• [Dataset excerpt]:
- Opening Delimiter -
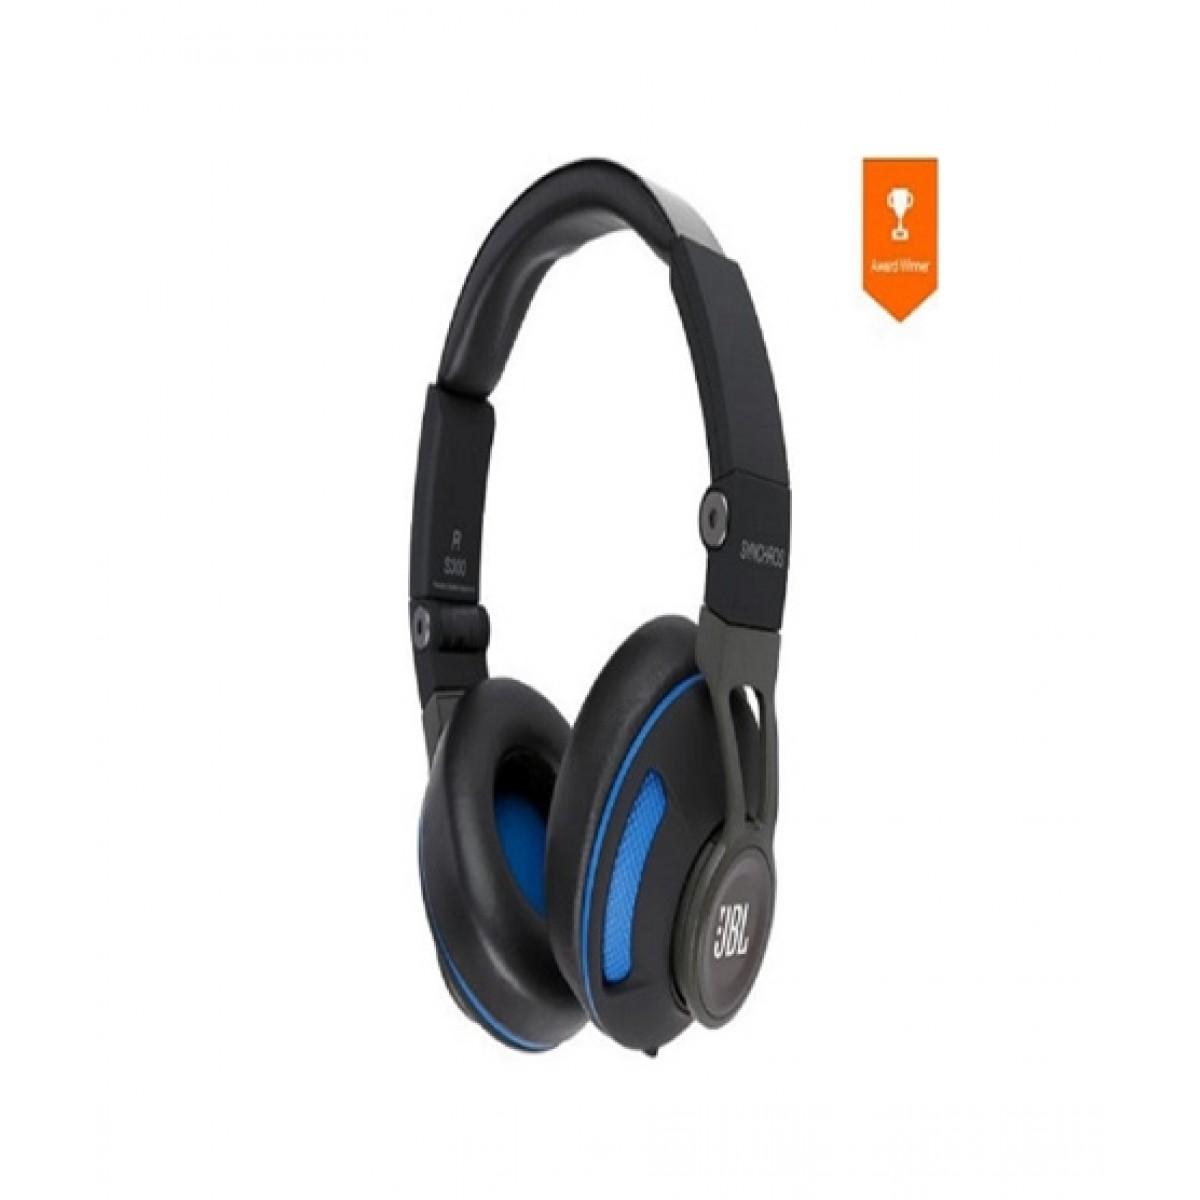 bcf4b522420 JBL Synchros S300 Premium Headphones Price in Pakistan | Buy JBL S300  Premium On-Ear Headphones Black/Blue | iShopping.pk
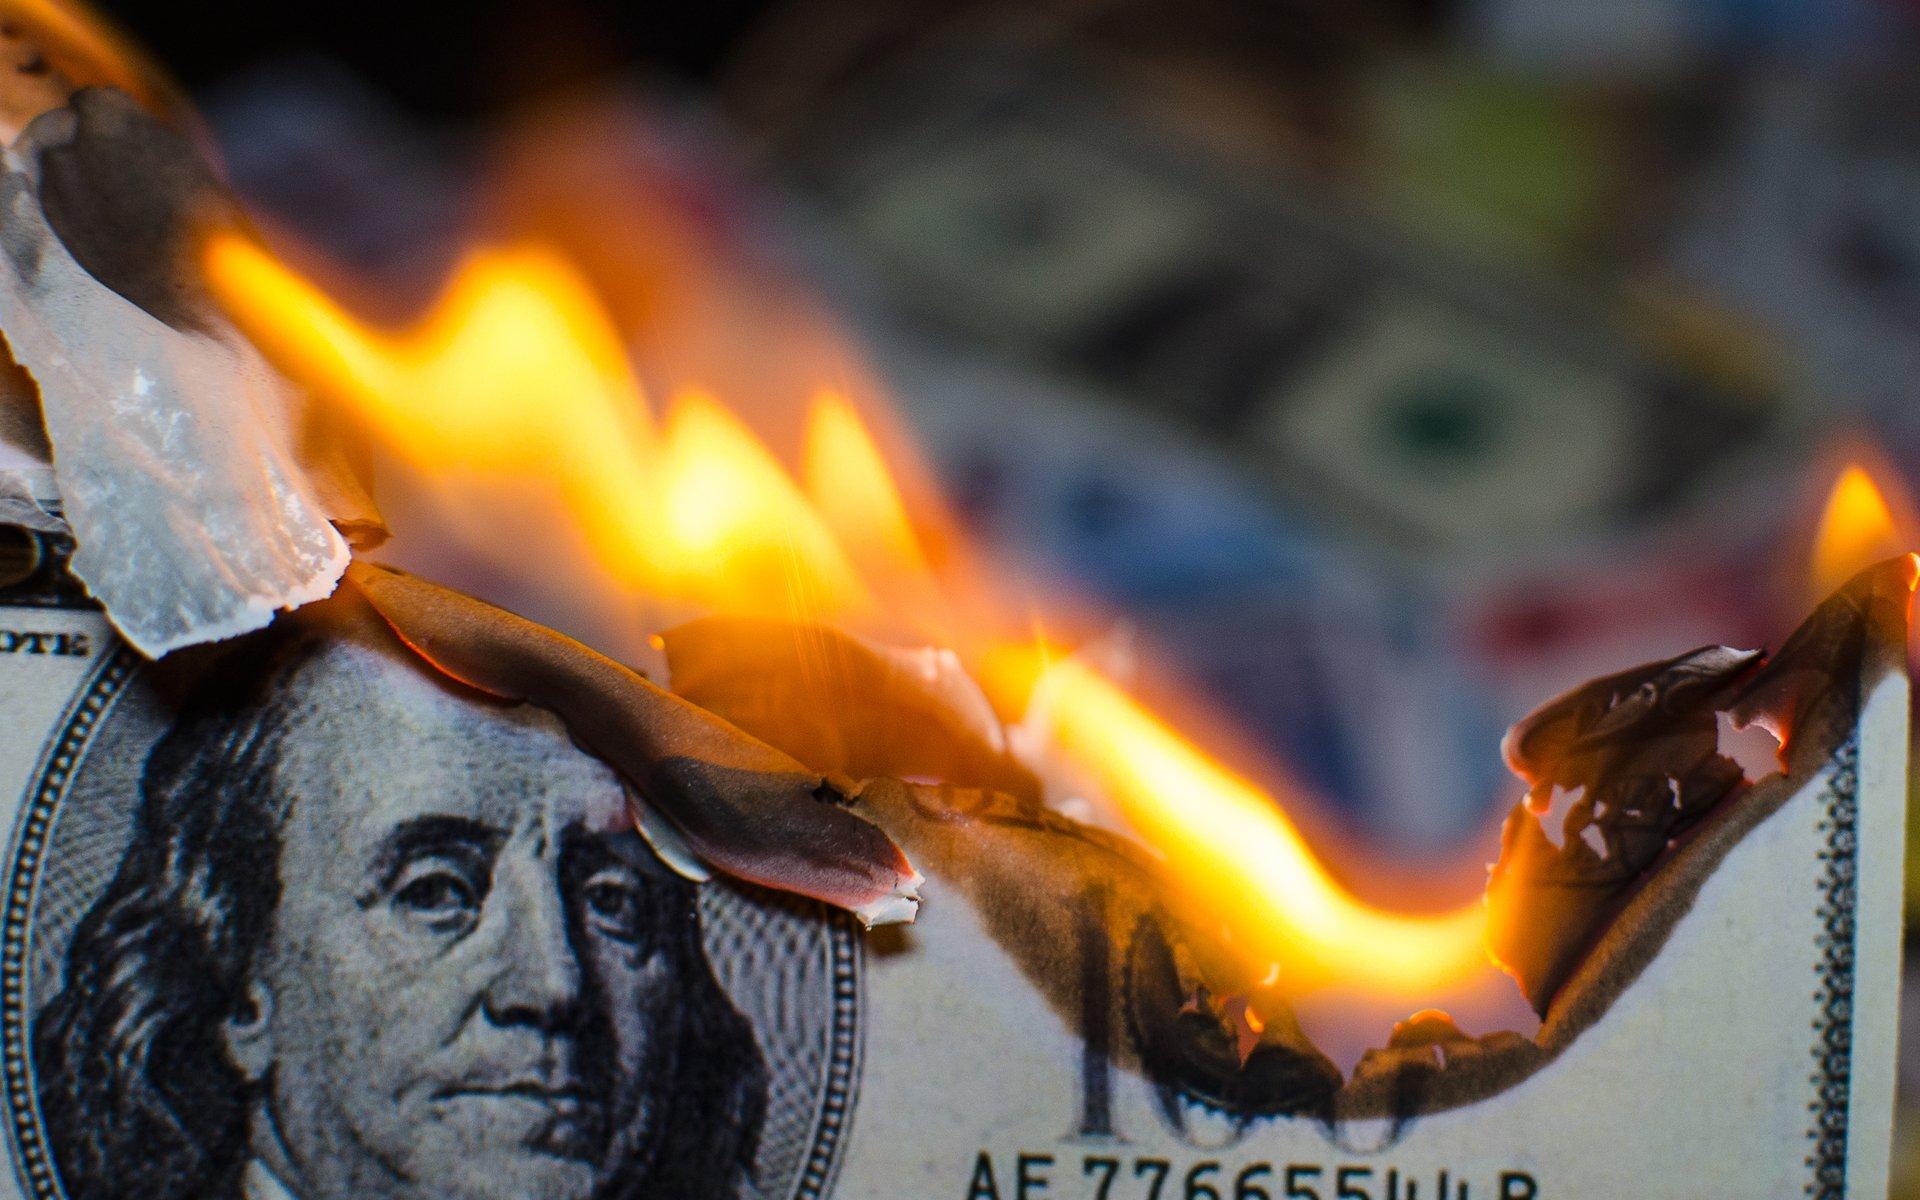 Cashless war on cash
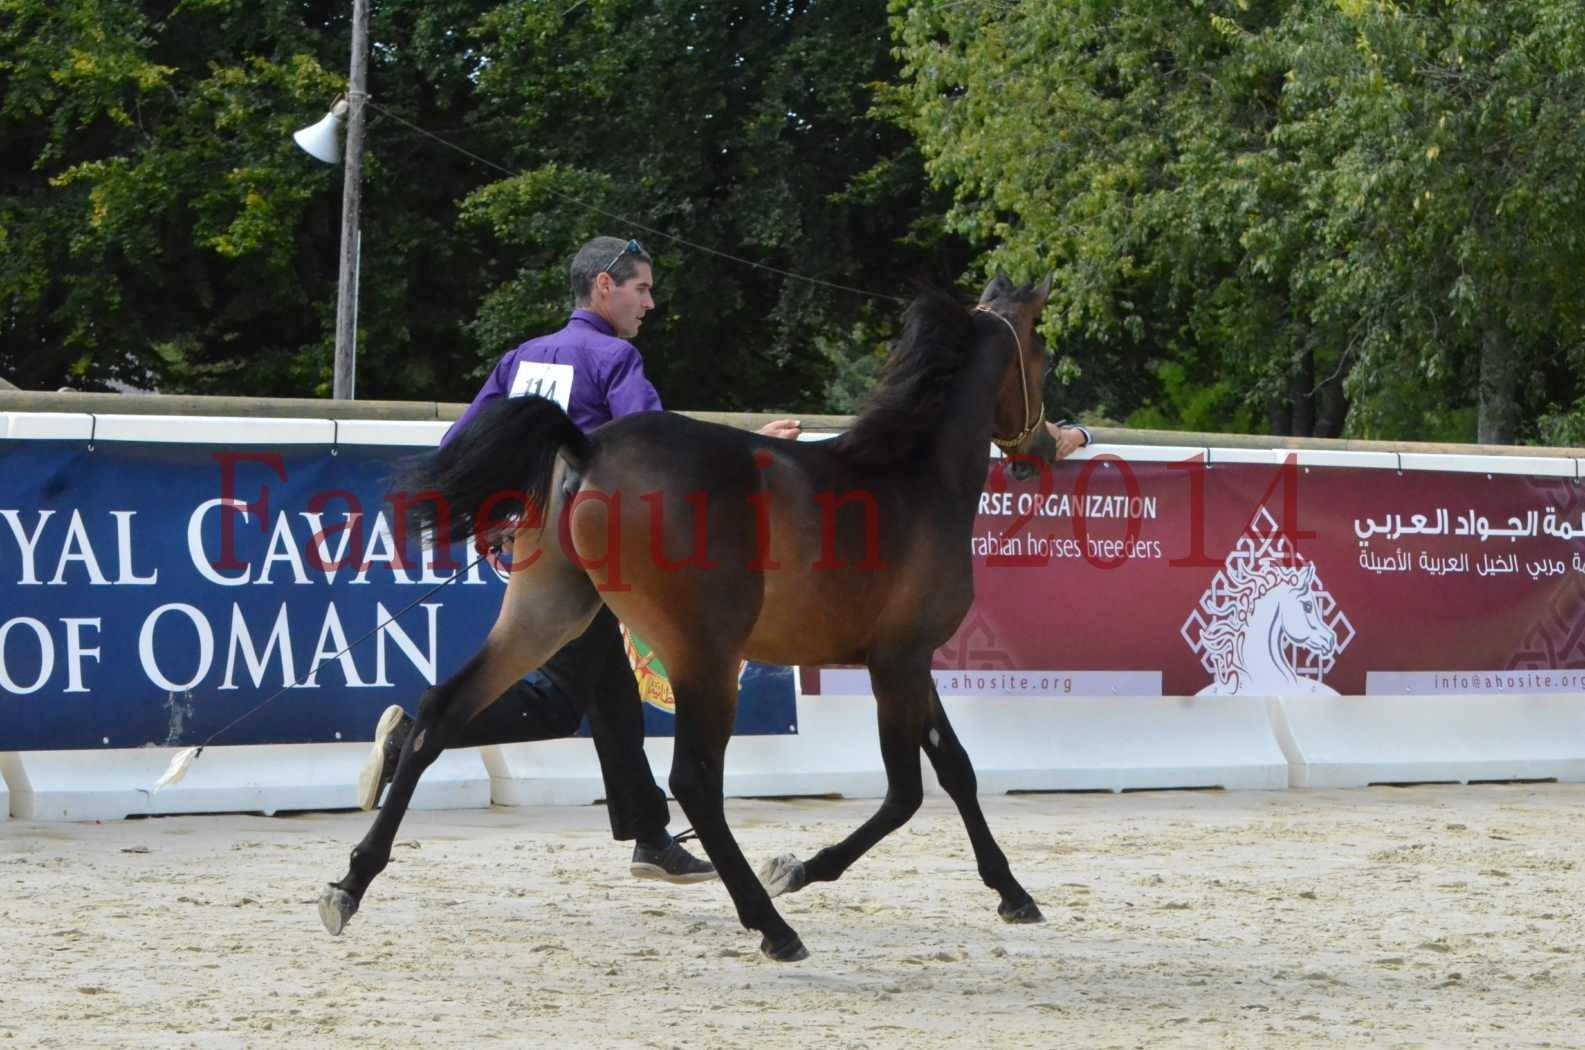 Championnat de FRANCE 2014 - Amateurs - SH FARAJAA - 21
- Closing Delimiter -
• [What to do]: Output precisely the lines in the material above from the line containing "Cashless war on cash" through its last line, and omit pictures.

• [Result of the task]:
 Cashless war on cash
 Championnat de FRANCE 2014 - Amateurs - SH FARAJAA - 21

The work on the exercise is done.